Session Ready
Exercise

Exercise 5. Confidence interval for d

A much smaller proportion of the polls than expected produce confidence intervals containing \(p\). Notice that most polls that fail to include \(p\) are underestimating. The rationale for this is that undecided voters historically divide evenly between the two main candidates on election day.

In this case, it is more informative to estimate the spread or the difference between the proportion of two candidates \(d\), or \(0.482 - 0.461 = 0.021\) for this election.
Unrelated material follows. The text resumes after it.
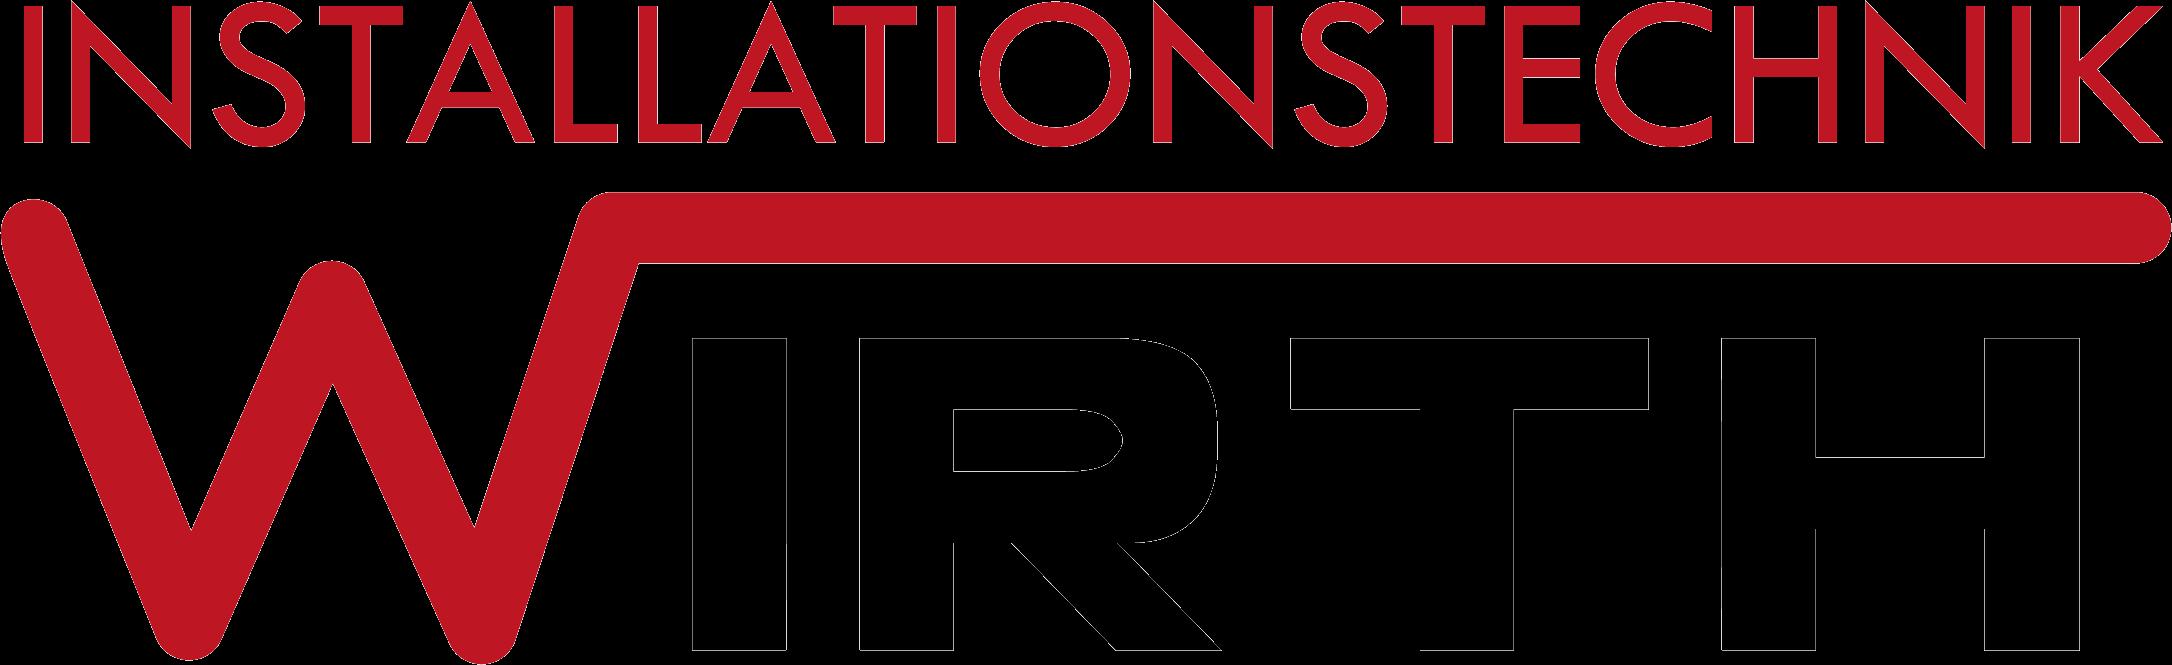 Installationstechnik Wirth Schardenberg | Wirth Franz Installationstechnik - Ihr Installateur in Schardenberg, Heizung, Sanitär, Bäder, Sanierungen, Zentralstaubsauger, Solaranlage, Wärmepumpe, Hackgut

Assume that there are only two parties and that \(d = 2p - 1\). Construct a 95% confidence interval for difference in proportions on election night.

Instructions
100 XP
  • Use the mutate function to define a new variable called 'd_hat' in polls as the proportion of Clinton voters minus the proportion of Trump voters.
  • Extract the sample size N from the first poll in your subset object polls.
  • Extract the difference in proportions of voters d_hat from the first poll in your subset object polls.
  • Use the formula above to calculate \(p\) from d_hat. Assign \(p\) to the variable X_hat.
  • Find the standard error of the spread given N. Save this as se_hat.
  • Calculate the 95% confidence interval of this estimate of the difference in proportions, d_hat, using the qnorm function.
  • Save the lower and upper confidence intervals as an object called ci. Save the lower confidence interval first.